It's enormously gratifying to know that you're participating in a movement that's helping people around the world have access to high-quality software at low to no cost (after all, just try saying "Get a Mac" to someone who lives in a poor township in Africa). Projects such as Ubuntu offer people all around the world the opportunity to get involved in the wider world via the Internet, by providing them with an operating system that is cheap or free, will run on old hardware that isn't much use elsewhere, and gives them an alternative to pirated copies of Windows. And that's just the "free as in free beer" aspect of it.
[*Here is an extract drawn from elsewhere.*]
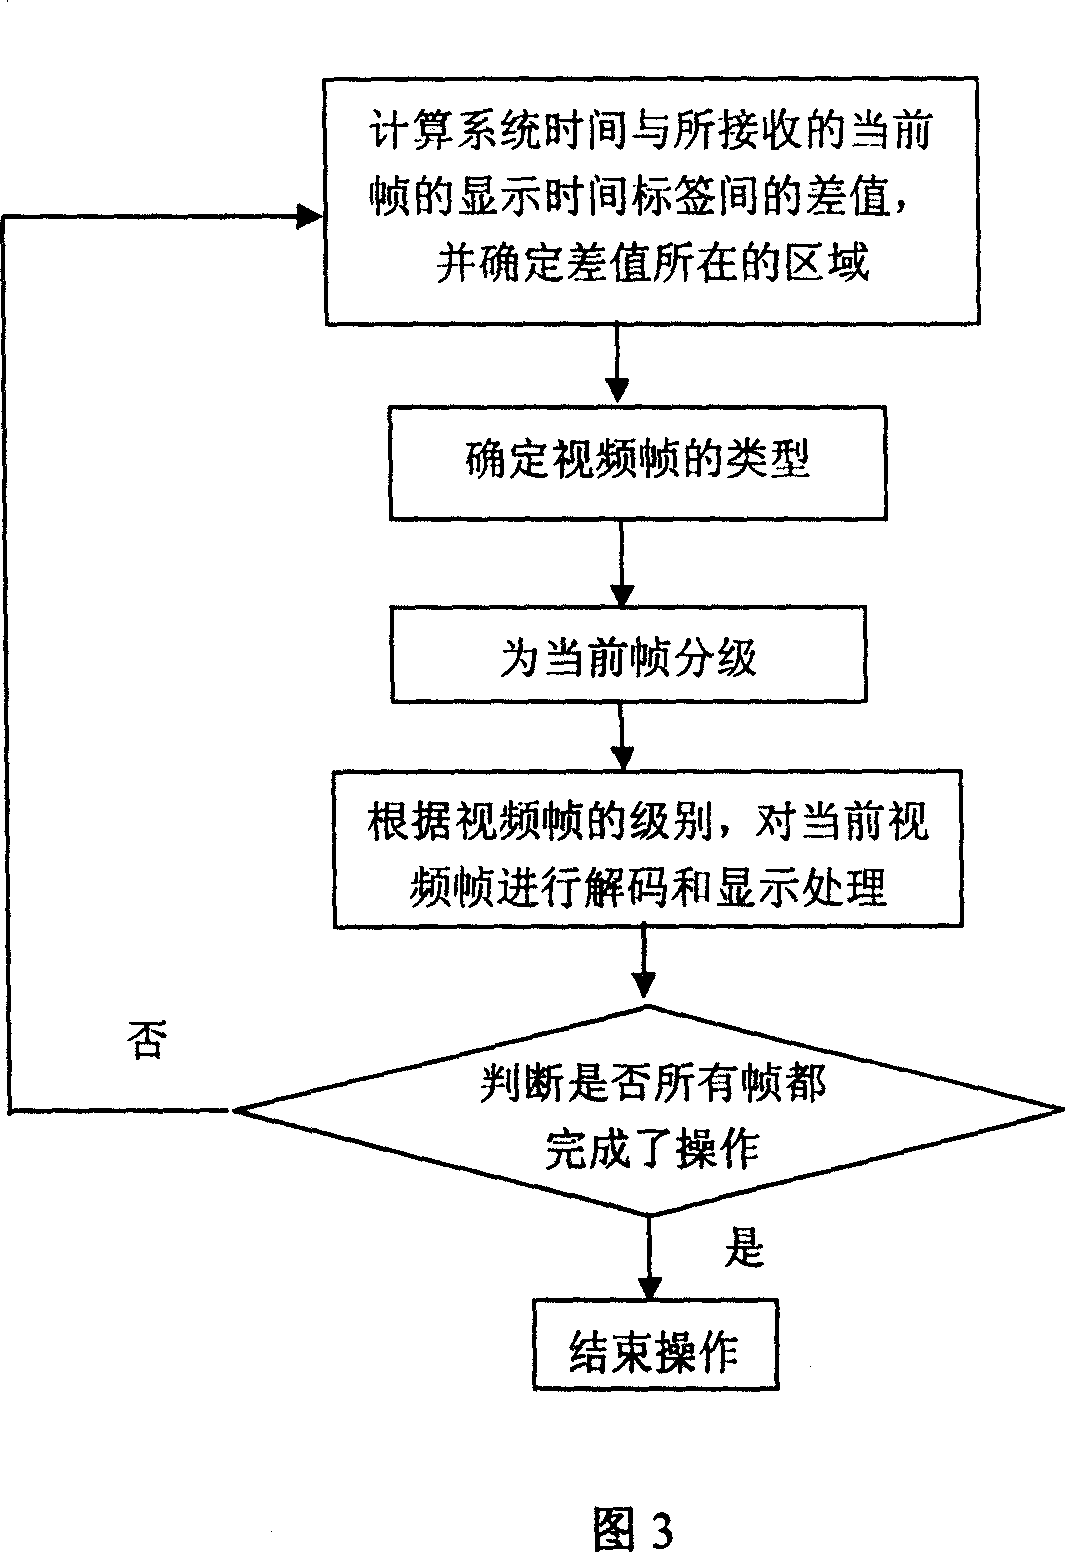 Hierarchical processing method of video frames in video playing

The "free as in free speech" aspect is even more important. By giving people the opportunity to make changes to the operating system to make it more suitable for a local audience, they're again giving more people the opportunity to get involved. Rather than waiting for Microsoft to translate Windows into their native language, they have the opportunity to do the work themselves and not have to wait. Also they can make changes to software to make it more suitable. And free software often supports many more different formats than its proprietary counterparts (just look at Open Office compared to MS Office for an example), making it easier for it to interoperate.
That's why I'm proud to be a Linux user. I may not have helped out much to date, but I plan to get involved at some point, whether it's packaging, offering advice in the Ubuntu forums, or writing documentation.
Finally, the programs are just so much better named! Don't believe me? Here's a list of proprietary applications and their free software equivalents:
- Internet Explorer - Firefox
- Photoshop - GIMP (makes a better verb too! To Gimp something sounds a lot better than to Photoshop something!)